お礼としてあなたの所望するものを申しあげたいがお望みのものがあれば申されよ」
「あの桐箱に安置されている駒を」 と、倉吉はおそるおそる申しました。
すると美少年は心やすく倉吉に渡しました。倉吉は心の中で喜びました。
ふたたび目隠しをし、美少年に背負われ、沼の岸にもどり、やがて暇を告げ帰路を急ぎました。
長い旅でした。
やっとの思いで御鏡沼に戻ることができました。
早速、美少女に貝殻沼、クロンドの様子をすっかり話して、
黄金の駒を見せたところが、美少女は大変喜んで
「長い旅、ご苦労様でした。 その駒はあなたにあげましょう。 大切にして毎日米三粒ずつを与えて下さい。
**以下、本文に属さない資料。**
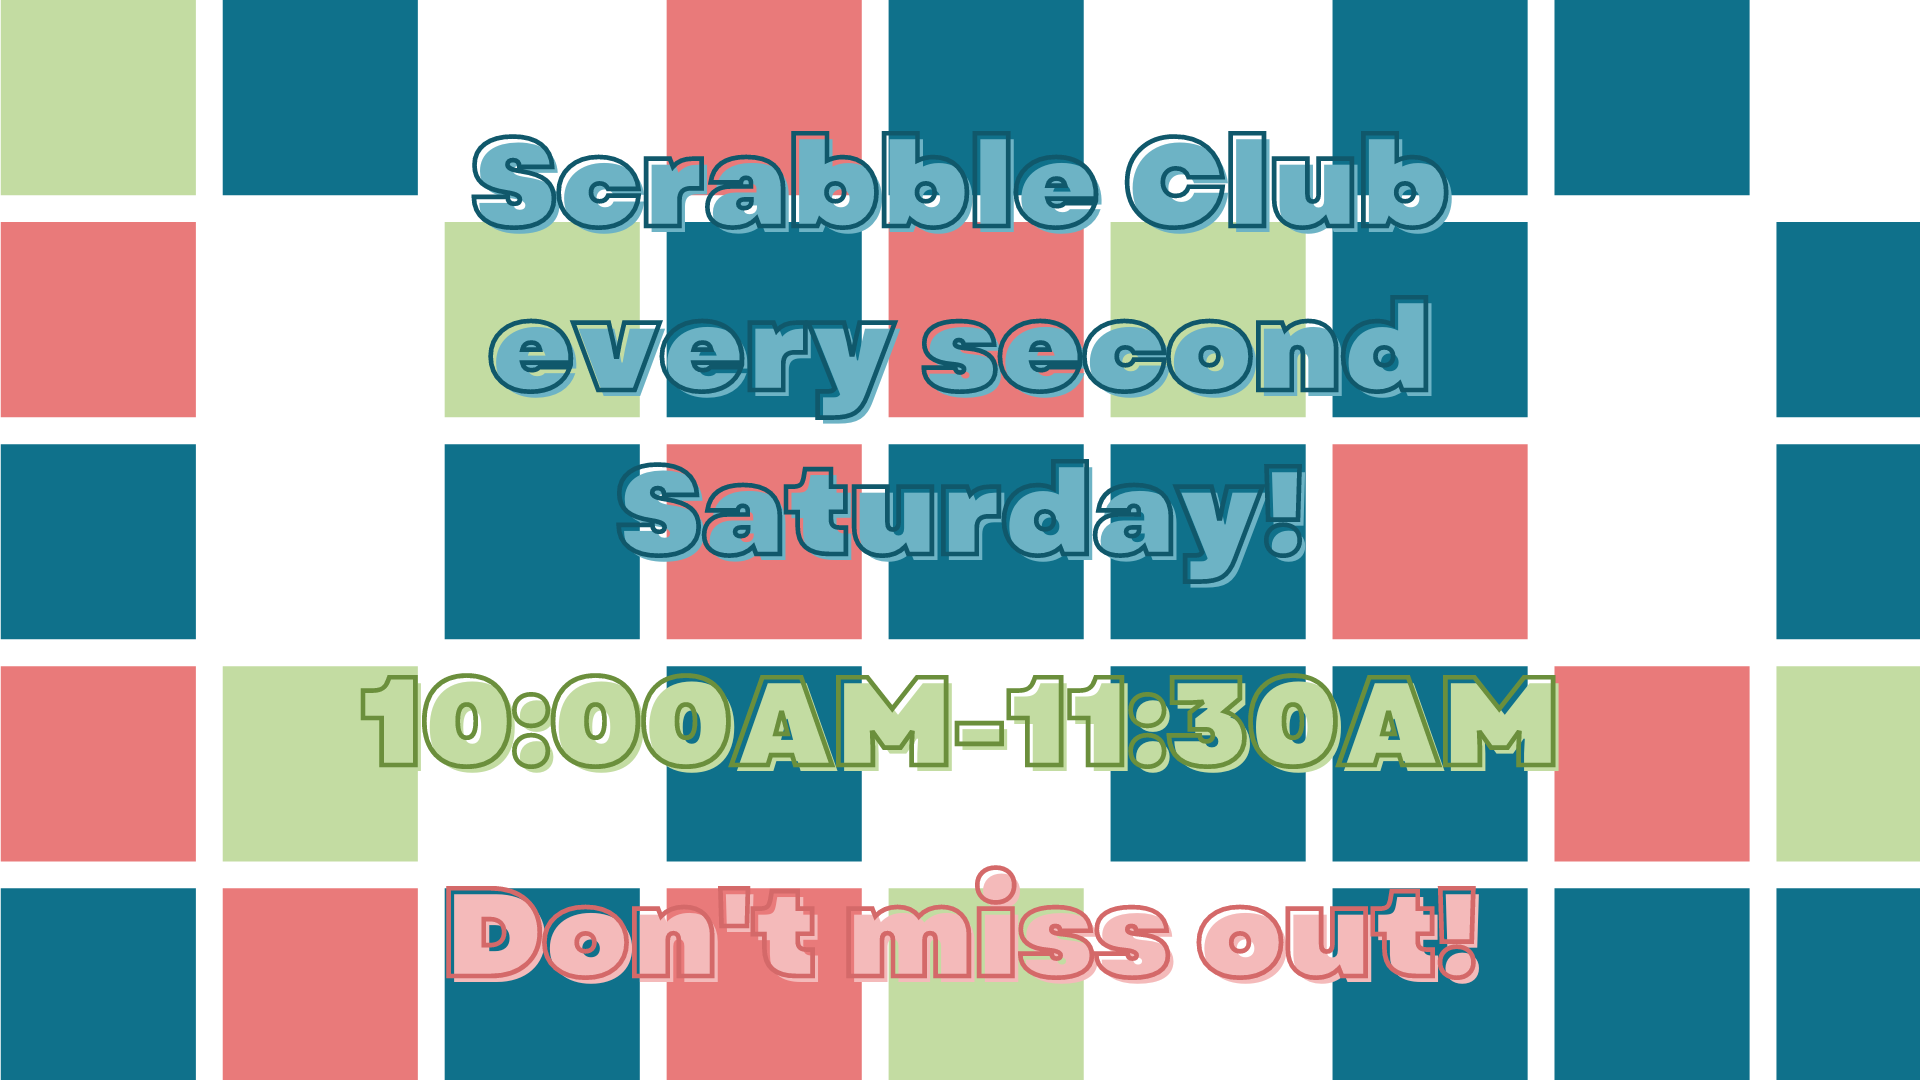 Scrabble Club Graphic

そうすればその駒は三粒の黄金をうみだすでしょう」 と申しました。
倉吉は、美しい少女に深くお礼をいうと、家に帰り教えられたとおりに、毎日米を三粒ずつやりますと、三粒のふんをしました。
やがて、月日がたつにしたがって倉吉の家は富み、栄えその地方きっての長者となりました。
ところが倉吉は考えました。
一日三粒の黄金よりも一年分、数年分を一度に得る方法はないものか、
一度に巨萬の富を得て大長者になれる、それには米をたくさん食べさせることだと、
倉吉は早速一升ますにいっぱいの米を駒に食べさせました。
ところがどうしたことか駒は勇みたち 「ひひーん」 と、いななくと、大空へ飛び去ってしまいました。
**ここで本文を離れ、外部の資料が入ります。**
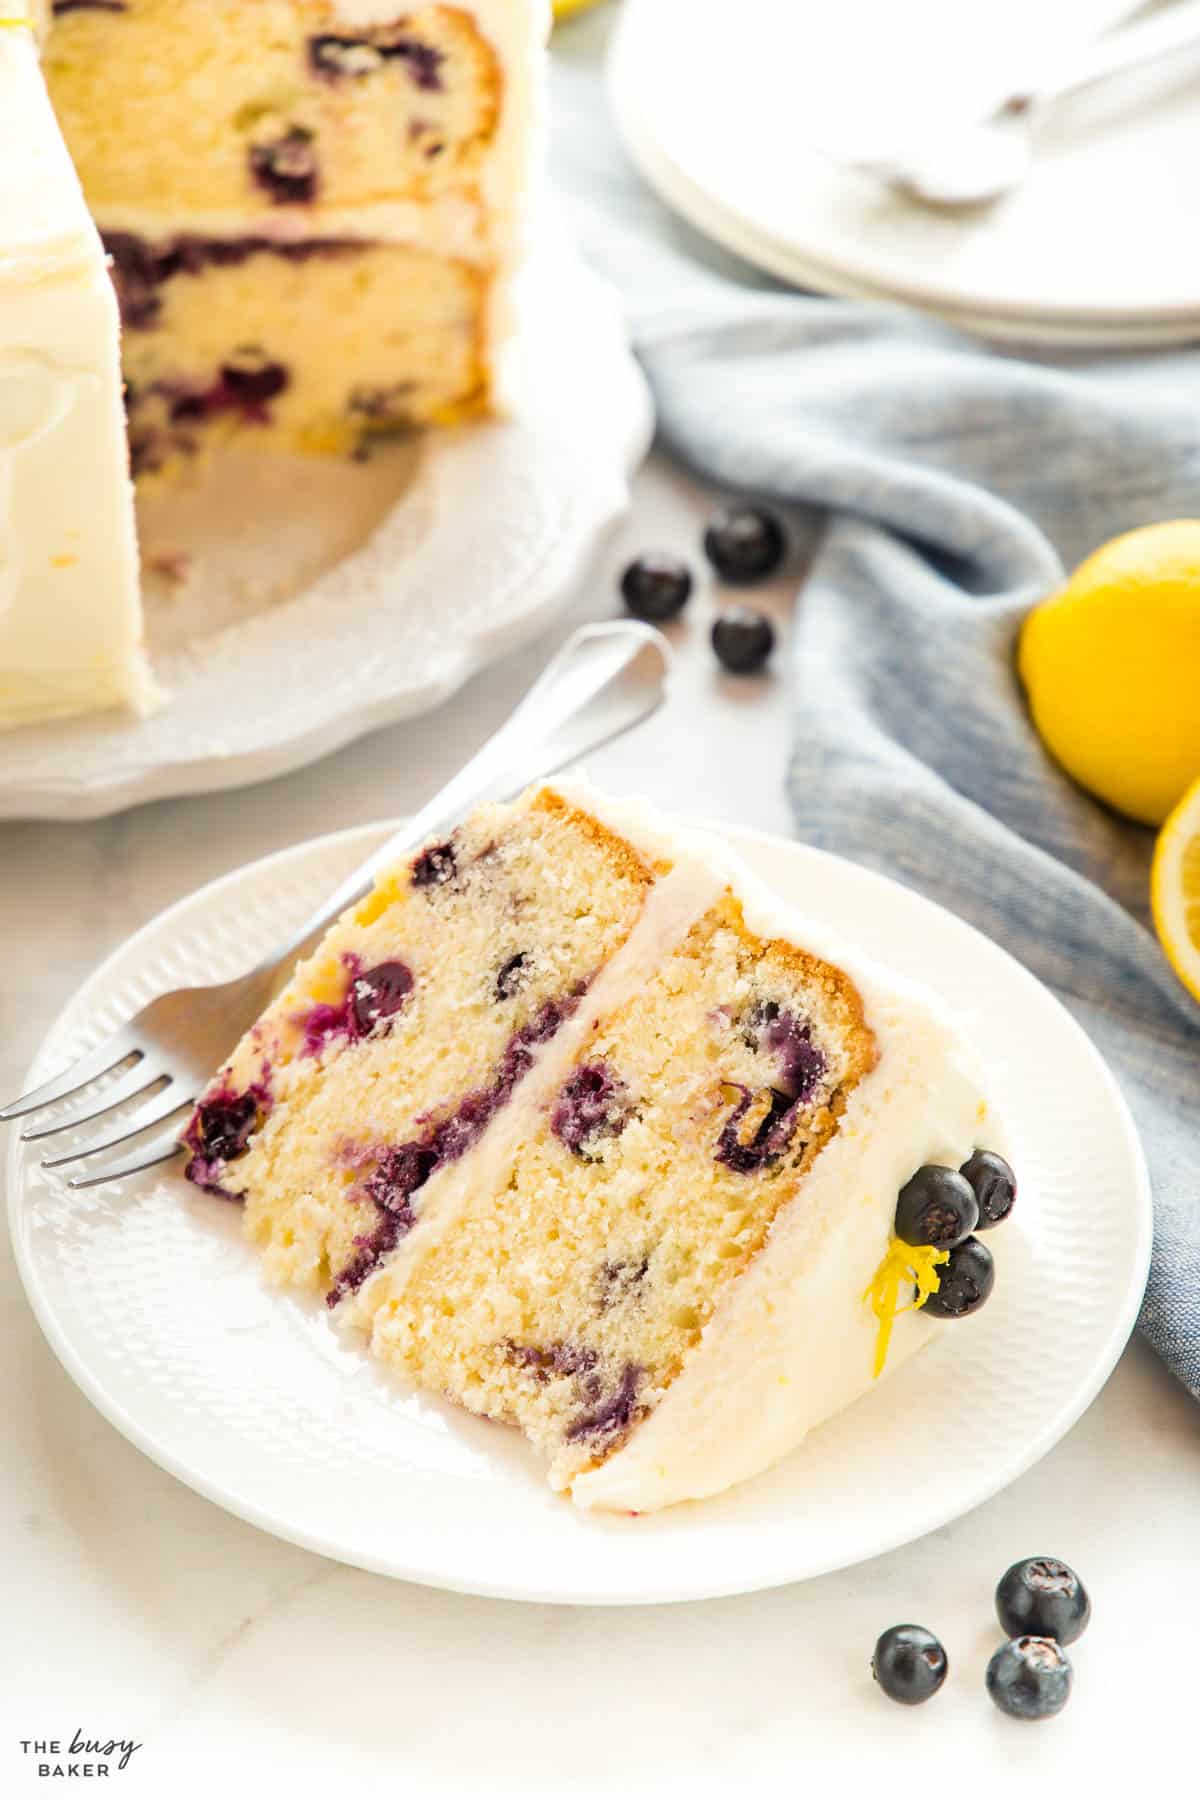 slice of lemon cake with fresh blueberries

やがて倉吉の家は、あとかたもなく亡びてしまいました。
それからしばらくすぎたころ、更科の荘のお百姓が、ある日一人で馬草を苅ろうと、山に入りました。
ところが、山のいただきに光かがやくのを見て、登ってみれば馬頭観音の尊像がありました。
お百姓は、家に帰ると村人にことのあらましを話しました。
更科の荘の村長は、村人と相談して、その山を厩嶽山と名づけお堂を建てて馬頭観音像をまつりました。
昔は、旧六月十六日の祭りになると、
会津地方のお百姓は、馬をつれて、源橋口・熊倉口・常世口から登り参詣をしました。